◆ WHAT NEEDS TO BE DONE
Write the listing below out again exactly, dropping the images.

◆ INFORMATION SUPPLIED
※

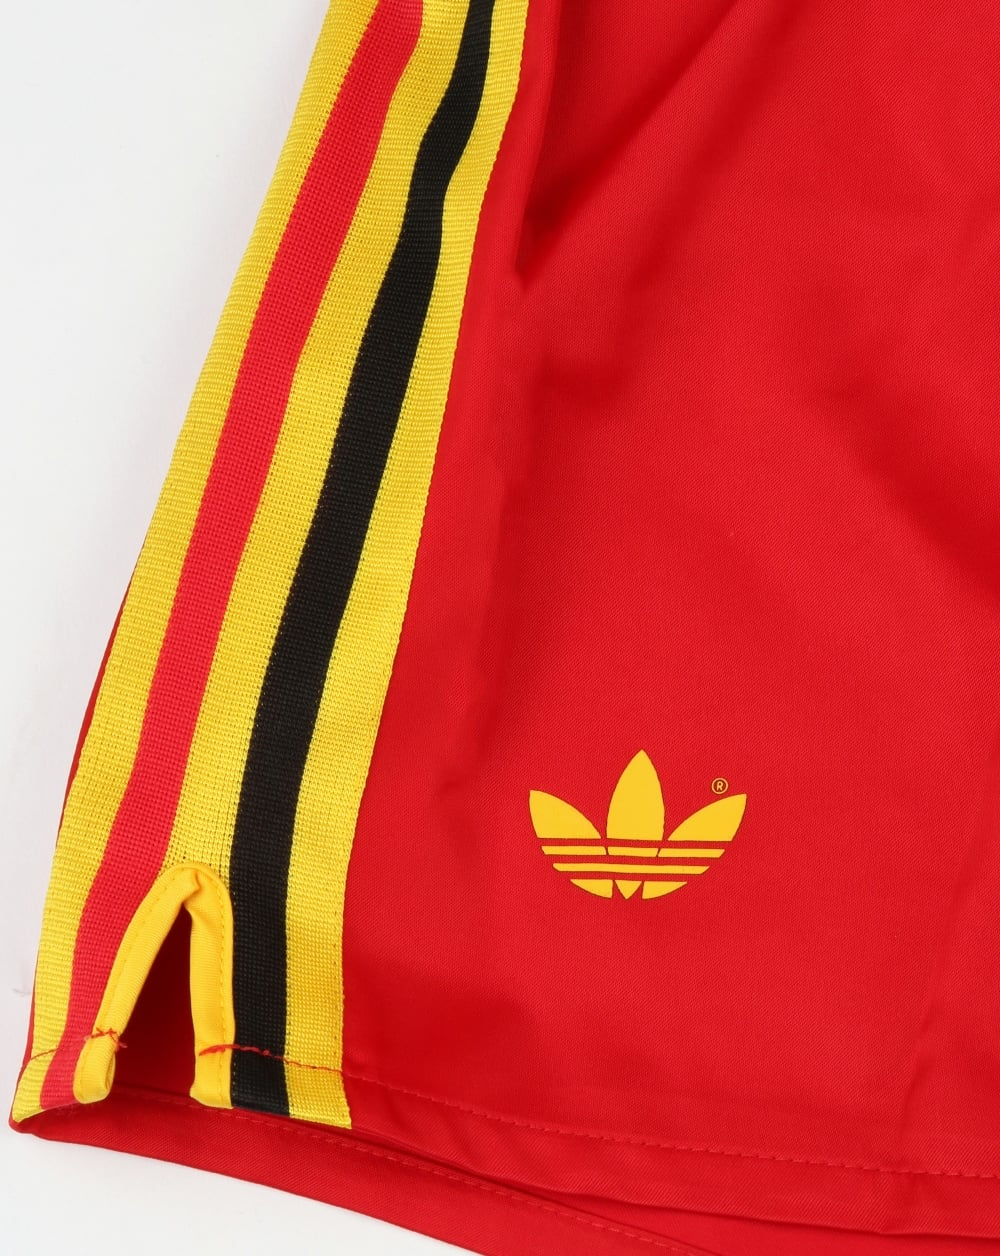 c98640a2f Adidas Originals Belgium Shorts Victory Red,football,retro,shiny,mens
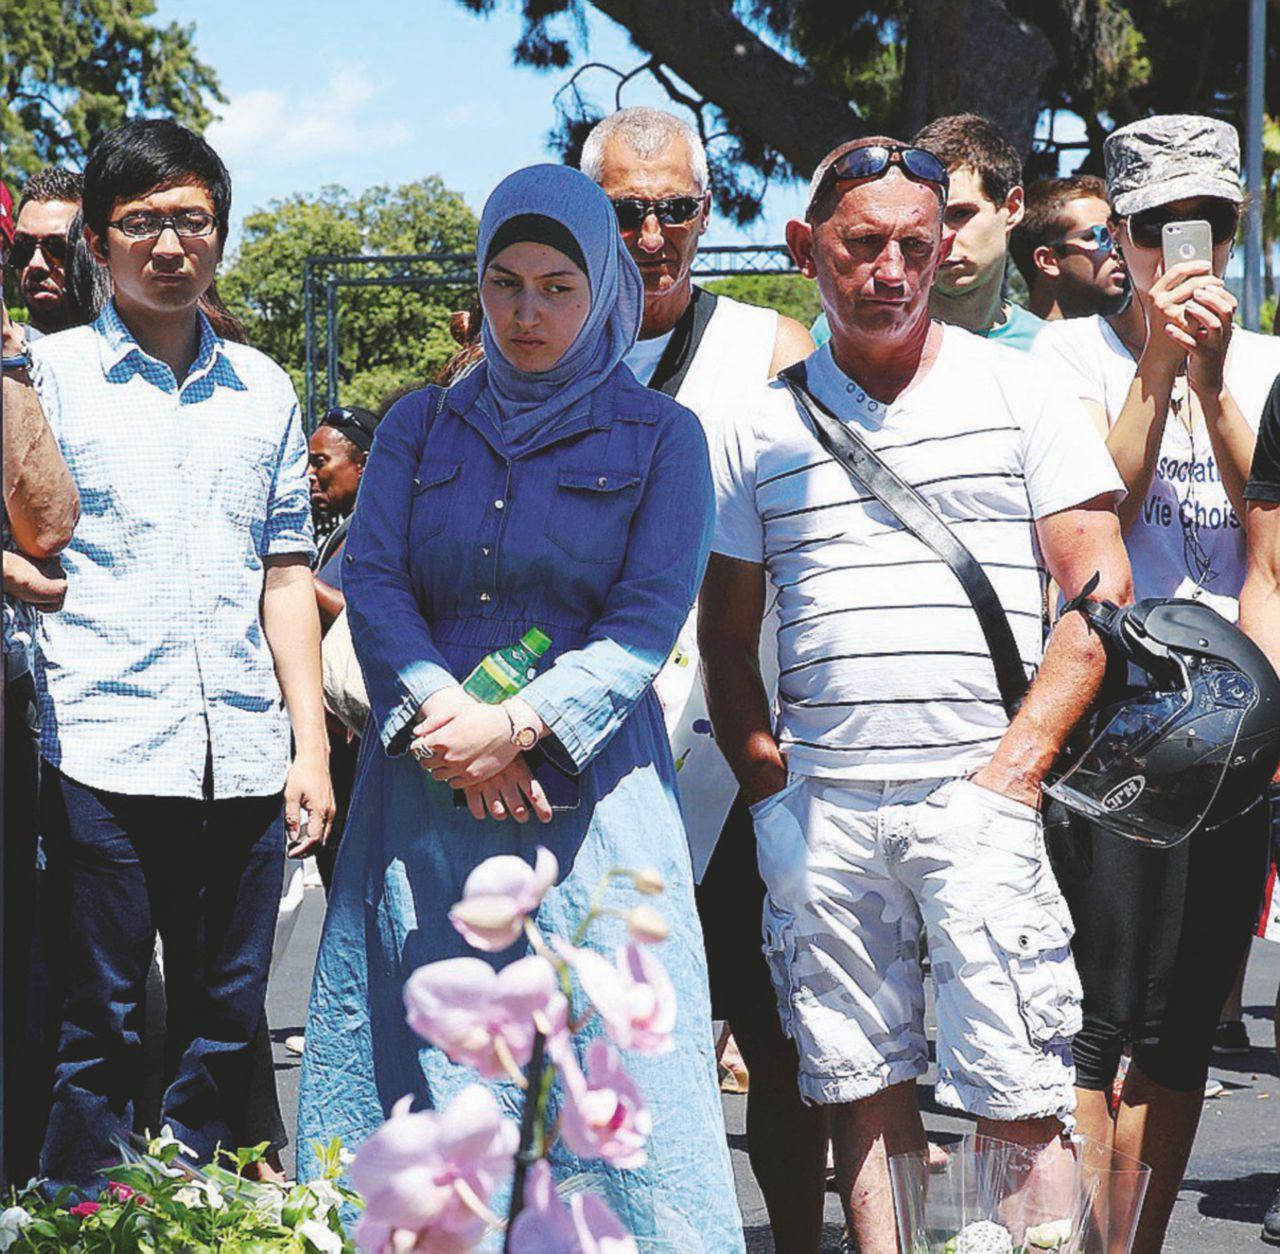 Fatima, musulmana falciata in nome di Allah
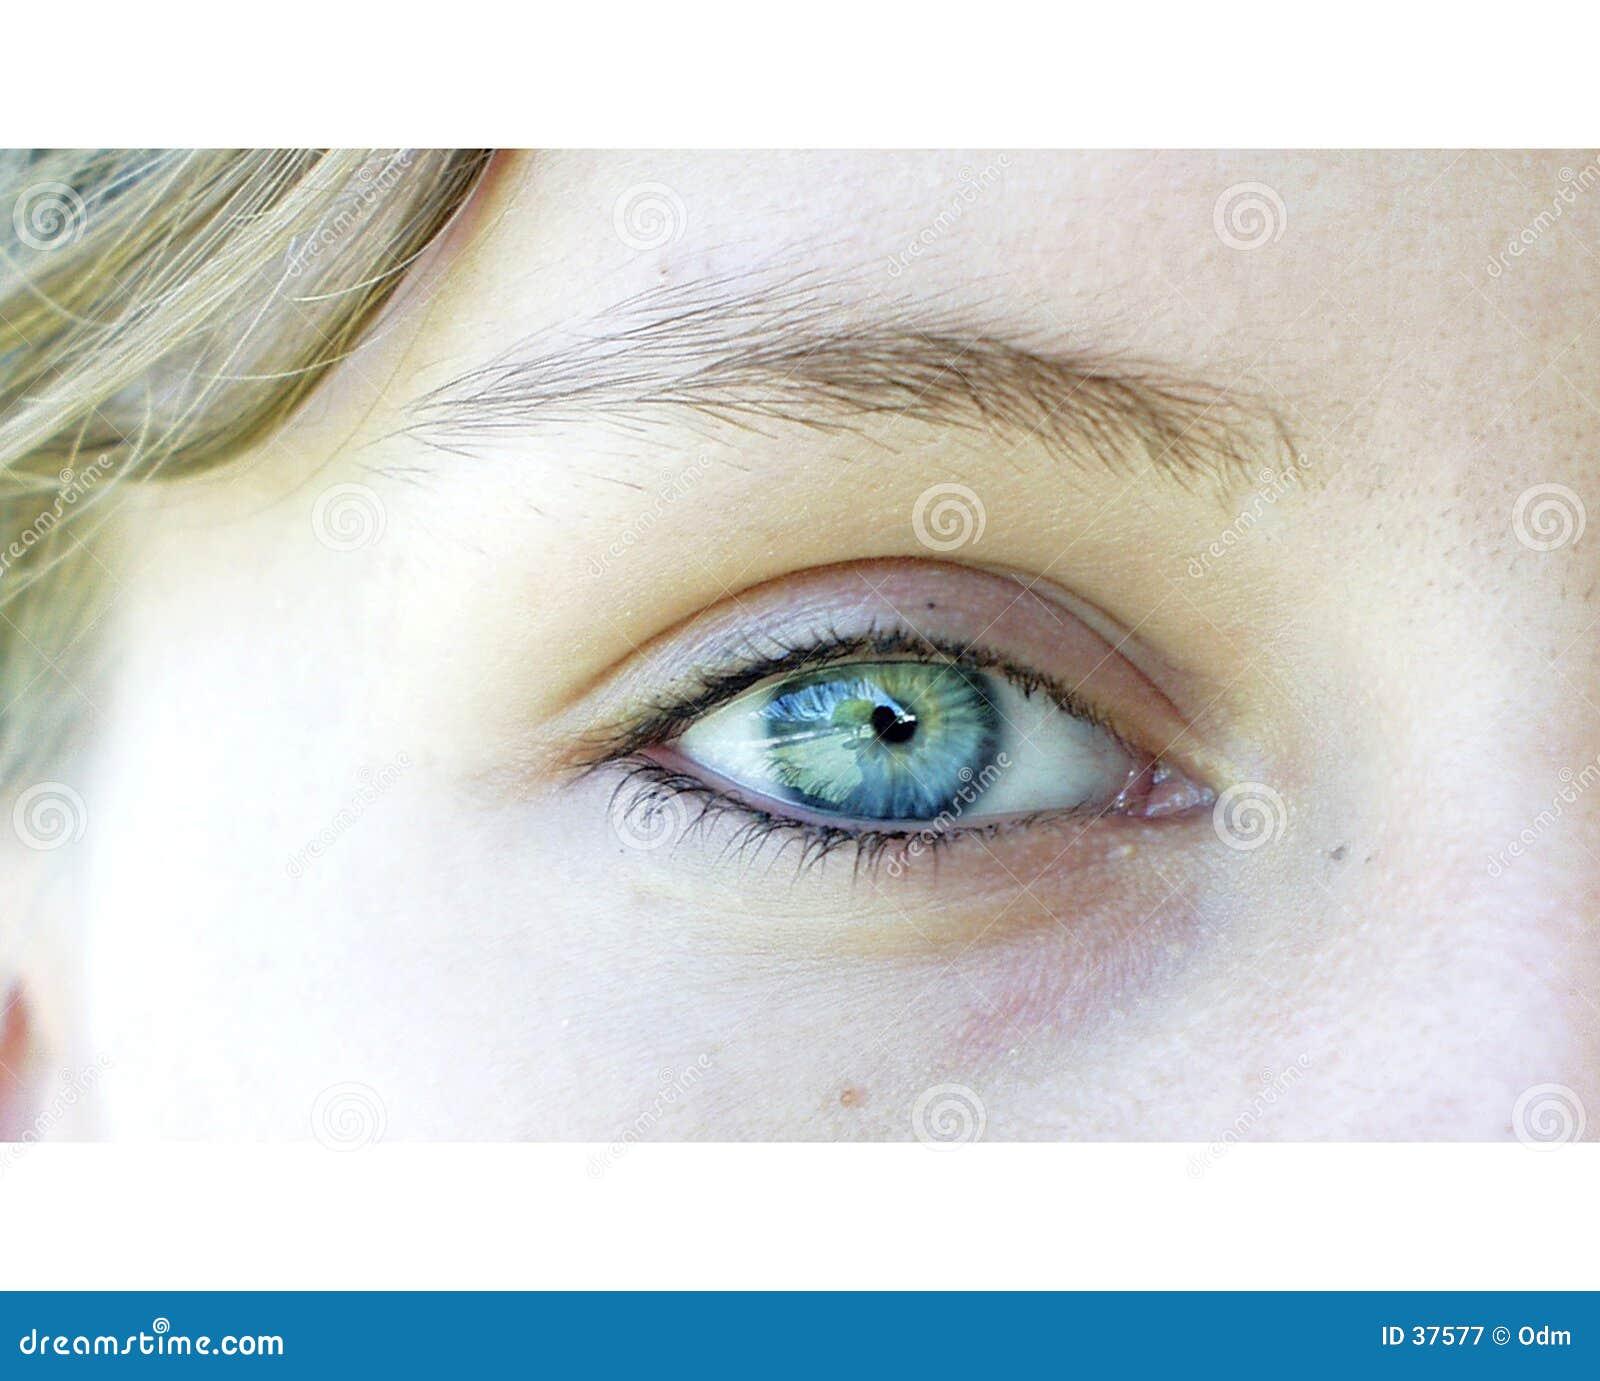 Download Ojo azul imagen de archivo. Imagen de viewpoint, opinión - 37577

※

◆ SOLVED PROBLEM
 c98640a2f Adidas Originals Belgium Shorts Victory Red,football,retro,shiny,mens
 Fatima, musulmana falciata in nome di Allah
 Download Ojo azul imagen de archivo. Imagen de viewpoint, opinión - 37577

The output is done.